Jaelen House

Free agent
- Position: Point guard

Personal information
- Born: May 2, 2001 (age 25) Phoenix, Arizona, U.S.
- Listed height: 6 ft 0 in (1.83 m)
- Listed weight: 165 lb (75 kg)

Career information
- High school: Shadow Mountain (Phoenix, Arizona)
- College: Arizona State (2019–2021); New Mexico (2021–2024);
- NBA draft: 2024: undrafted
- Playing career: 2024–present

Career history
- 2024–2026: San Diego Clippers
- 2026: Beijing Royal Fighters
- 2026: Vancouver Bandits

Career highlights
- Mountain West (MW) Tournament MVP (2024); MW Defensive Player of the Year (2024); Second-team All-MW (2024); 2x MW All-Defensive Team (2023, 2024); First-team All-MW (2023); Third-team All-MW (2022);

= Jaelen House =

American basketball player (born 2001)

Jaelen House (born May 2, 2001) is an American professional basketball player who last played for the Vancouver Bandits of the Canadian Elite Basketball League (CEBL). He played college basketball for the Arizona State Sun Devils and New Mexico Lobos. He is the son of Eddie House.

== High school career ==
House attended Shadow Mountain High School in Phoenix, Arizona, where he was coached by his uncle, former NBA point guard Mike Bibby. House was ranked as a four-star recruit by 247Sports and the No. 12 point guard in the class of 2019. As a senior, he averaged 21.6 points and 5.3 assists per game.

== College career ==
House began his college career playing for the Arizona State Sun Devils in 2019. In two seasons with the Sun Devils, he played 51 games while averaging 4.5 points and 1.3 assists per game. After the season on March 16, 2021, House entered the NCAA Transfer Portal. On April 15, 2021, he committed to New Mexico.

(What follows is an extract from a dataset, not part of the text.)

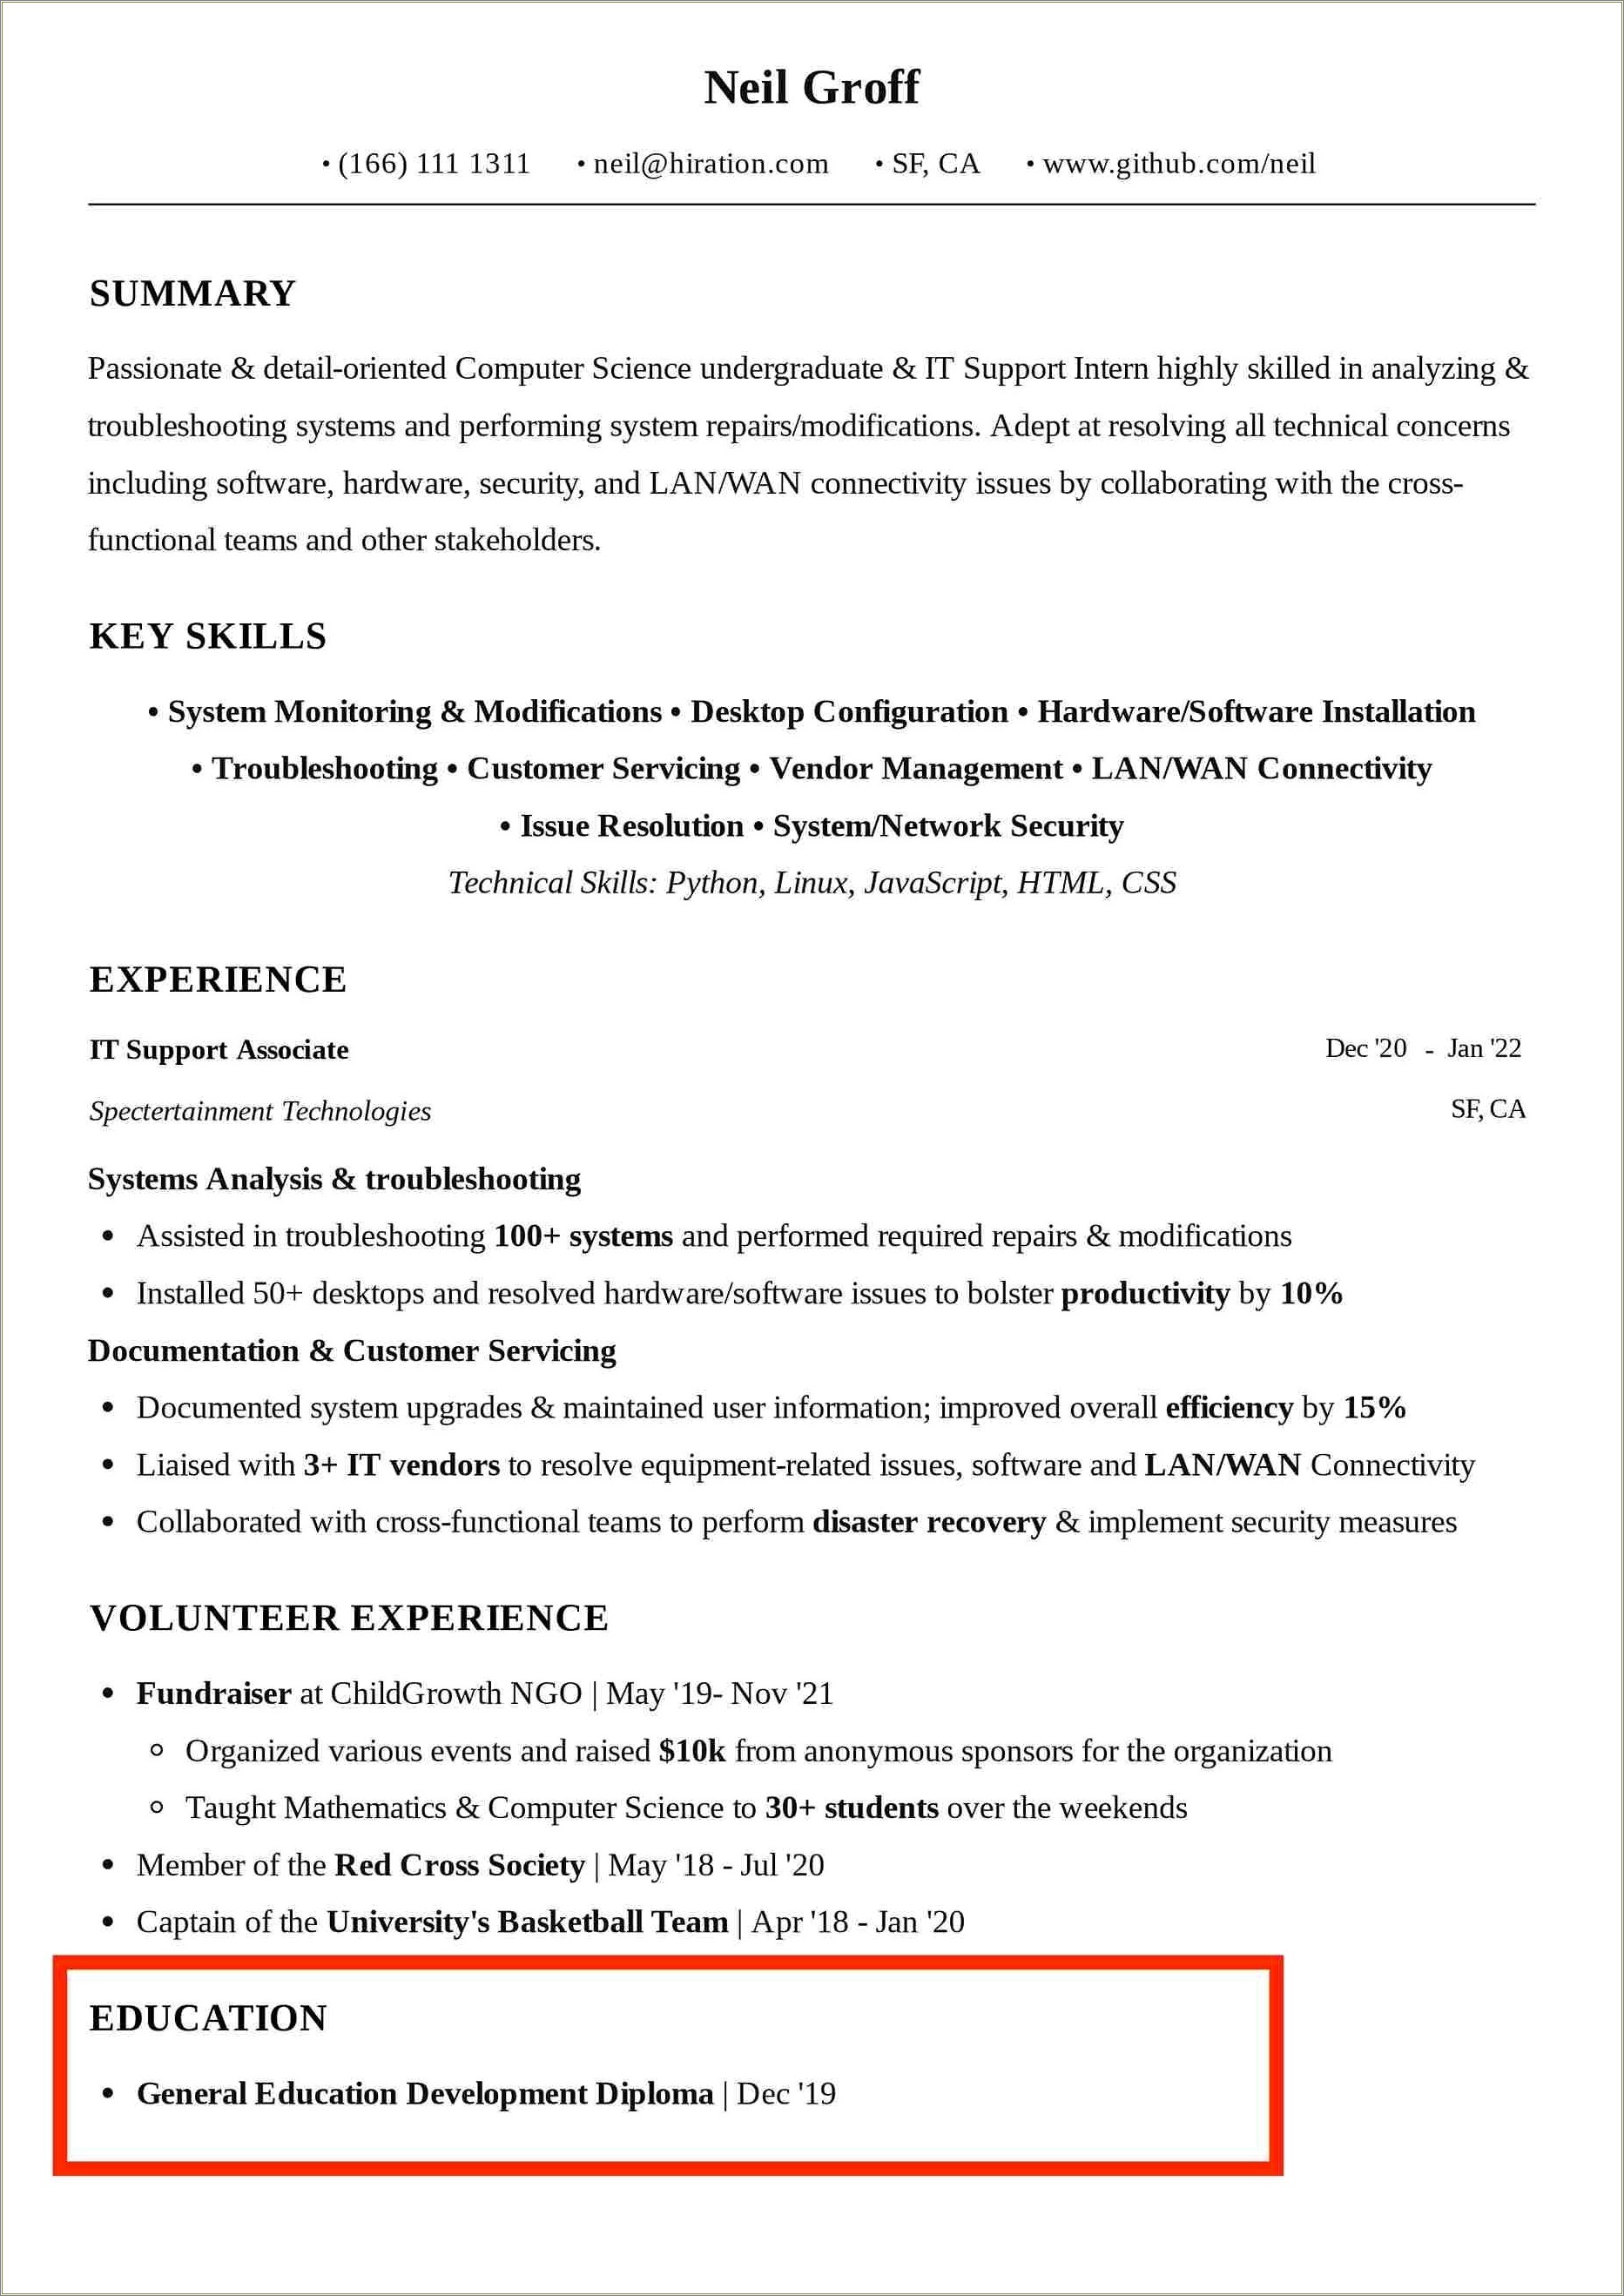 Sample Resume With Ged As Education
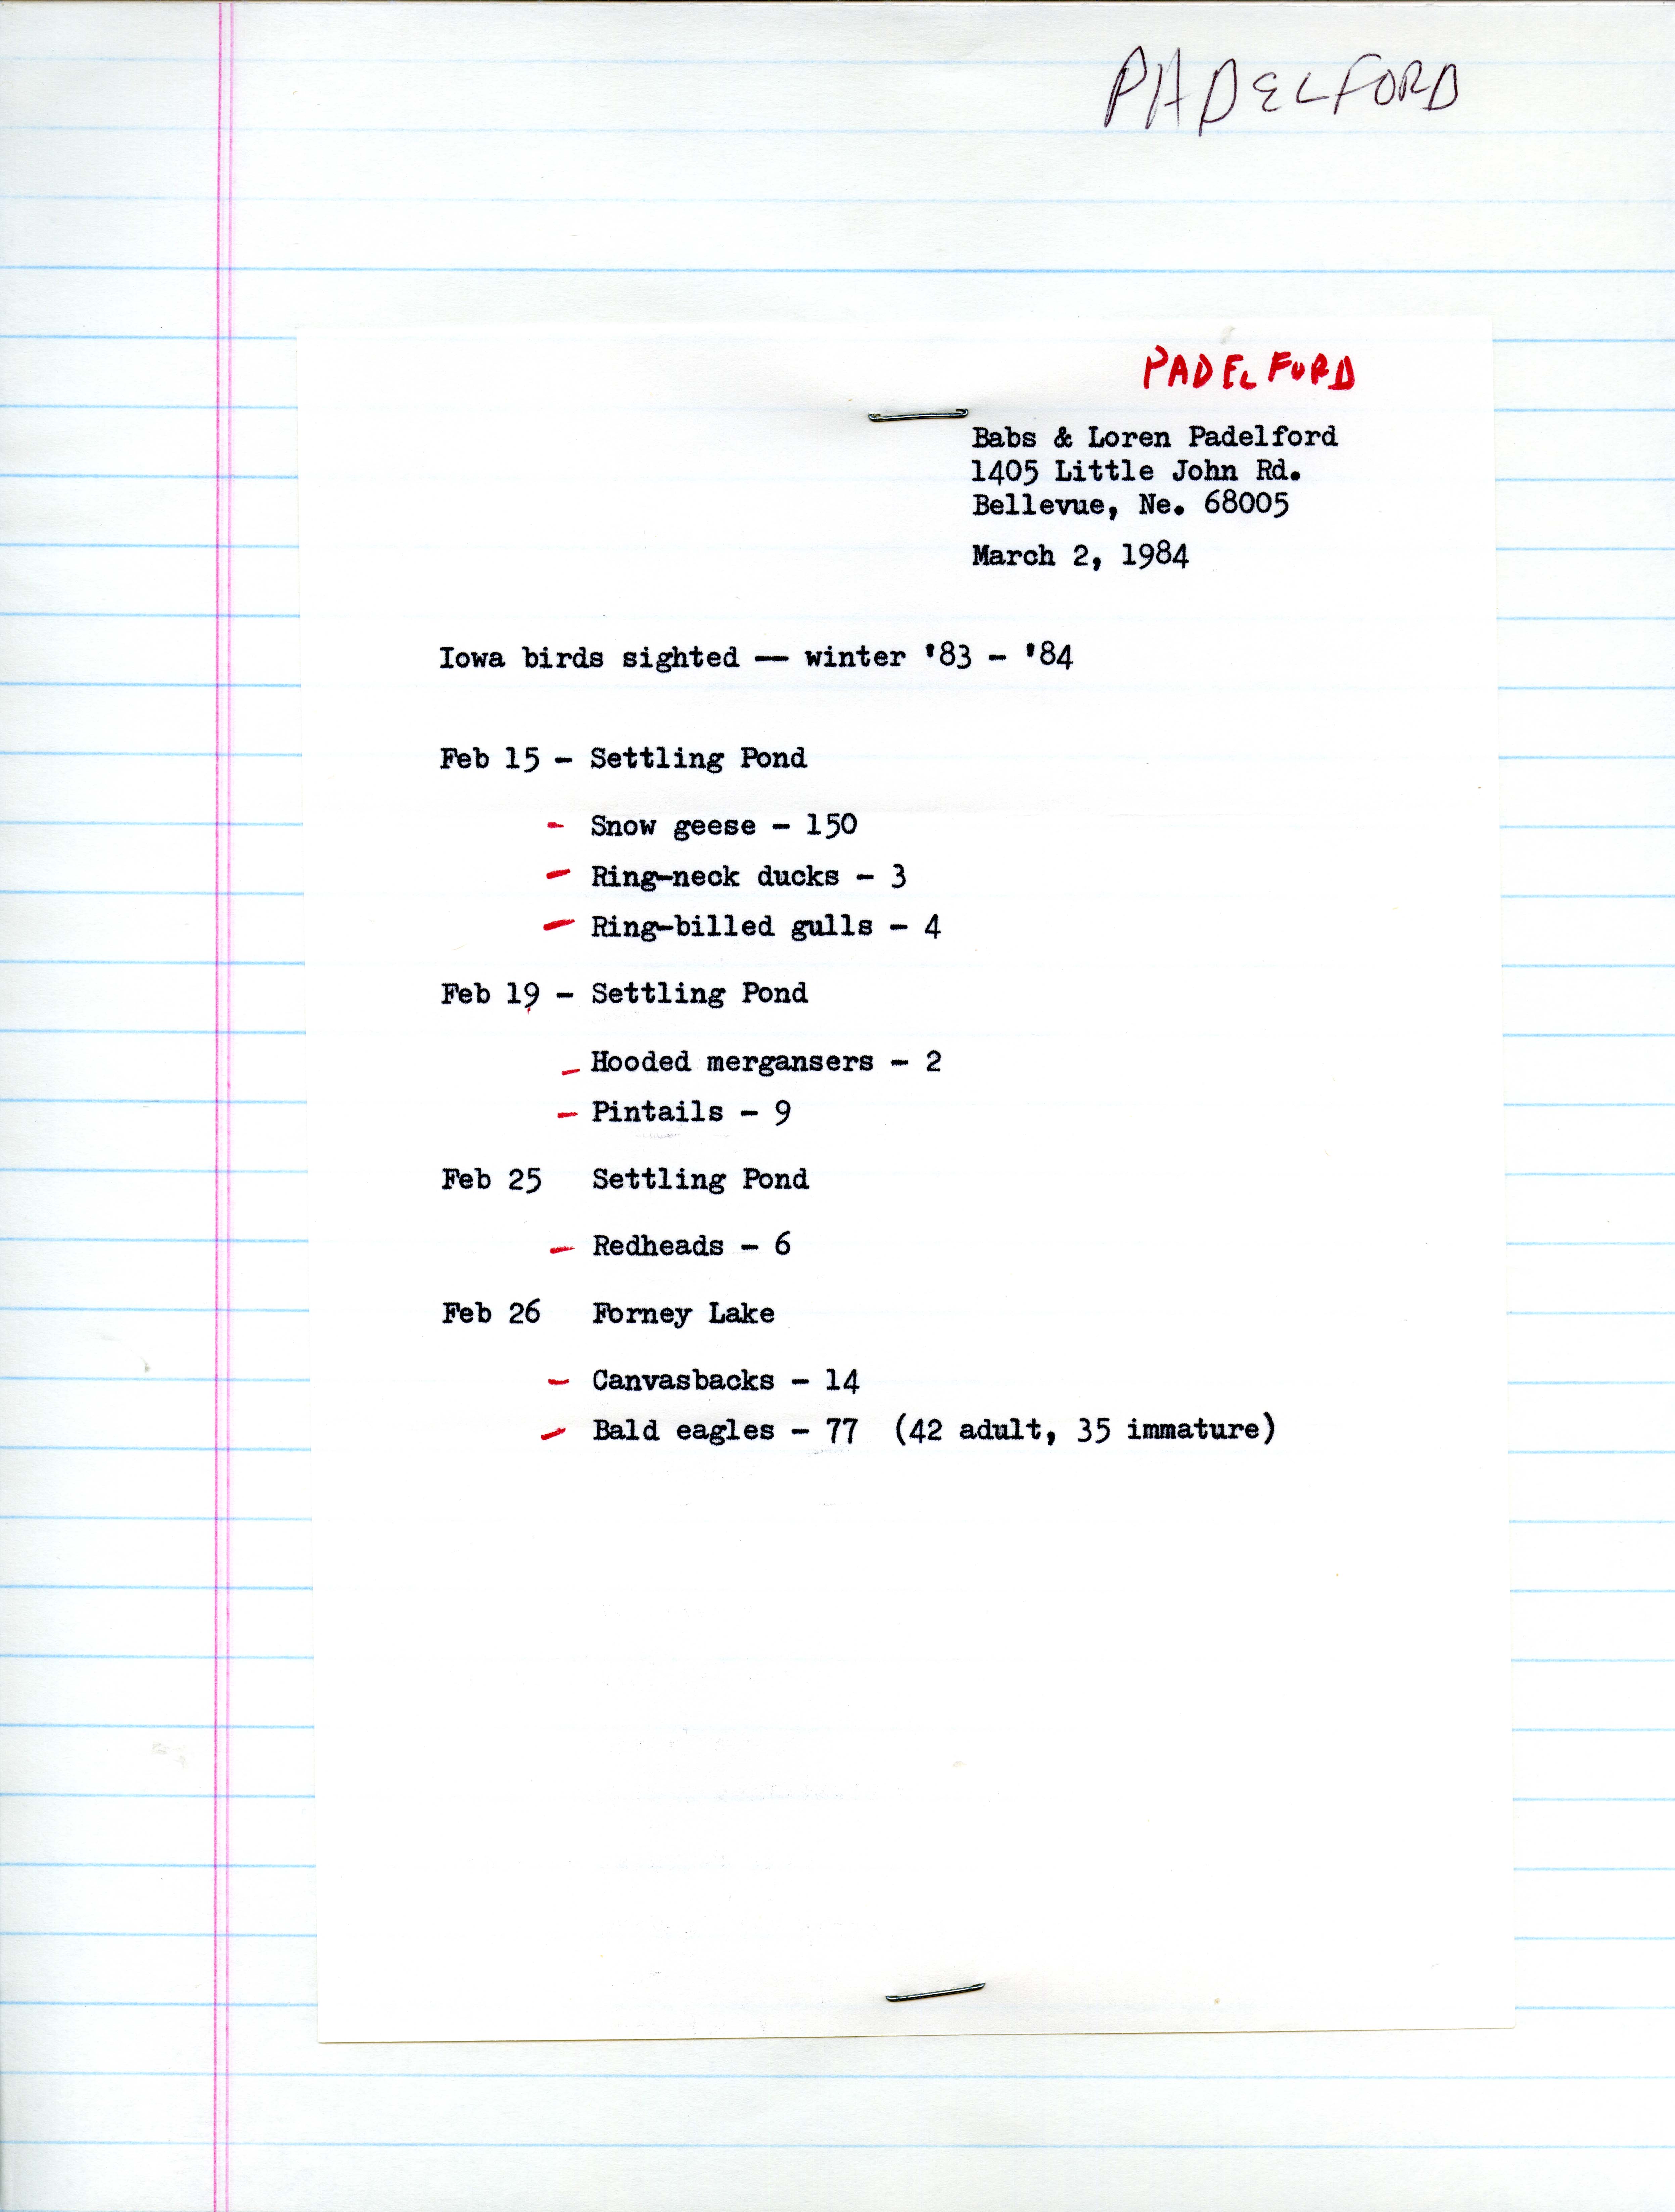 Field notes contributed by Babs and Loren Padelford on Iowa birds sighted, March 2, 1984

In his first game with the Lobos during the 2021–22 season, he scored 30 points vs. FAU, the second most points by a Lobo in their debut. House averaged 16.9 points, 4.5 assists, and 2.2 steals per game. House was a 3rd Team All-Mountain West selection.

During his senior season House averaged 16.9 points, 4.7 assists, and 2.7 assists per game. He set the New Mexico single-season record with 86 steals, ranking second in the nation. House was a 2nd Team All-Mountain West selection and MW All-Defensive Team.

As a graduate student during the 2023–24 season, House averaged 15.9 points, 3.5 assists, and 2.3 steals per game. House's style of play was creative, emotional and controversial. His coach Richard Pitino described him as a performer, stating that he is going to do things in an unconventional manner but always compete for the team. House was a 3rd Team All-Mountain West selection, on the MW All-Defensive Team, and named Third-Team Academic All-American. House led the Lobos to a MW Tournament Championship, defeating San Diego State 68–61 to clinch its first title since 2014. House scored 28 points in the contest.

== Professional career ==
===San Diego Clippers (2024—2026)===
House went unelected in the 2024 NBA draft. After the draft, House played in the NBA Summer League with the Boston Celtics. On November 8, 2024, House signed with the San Diego Clippers of the NBA G League. In his rookie year (2024–25), he averaged 8.5 points, 2.9 assists, and 1.1 steals per game. On March 6, the San Diego Clippers deactivated House.

On October 24, 2025, House returned to the San Diego Clippers. In 32 appearances for San Diego, House averaged 17.3 points, 6.2 assists, and 1.6 steals per game. On February 27, 2026, House was released from the Clippers.

===Beijing Royal Fighters (2026)===
On March 11, 2026, House signed with Beijing Royal Fighters of the Chinese Basketball Association (CBA).

===Vancouver Bandits (2026)===
On May 12, 2026, House signed with the Vancouver Bandits of the Canadian Elite Basketball League (CEBL). He was released by Vancouver on June 27.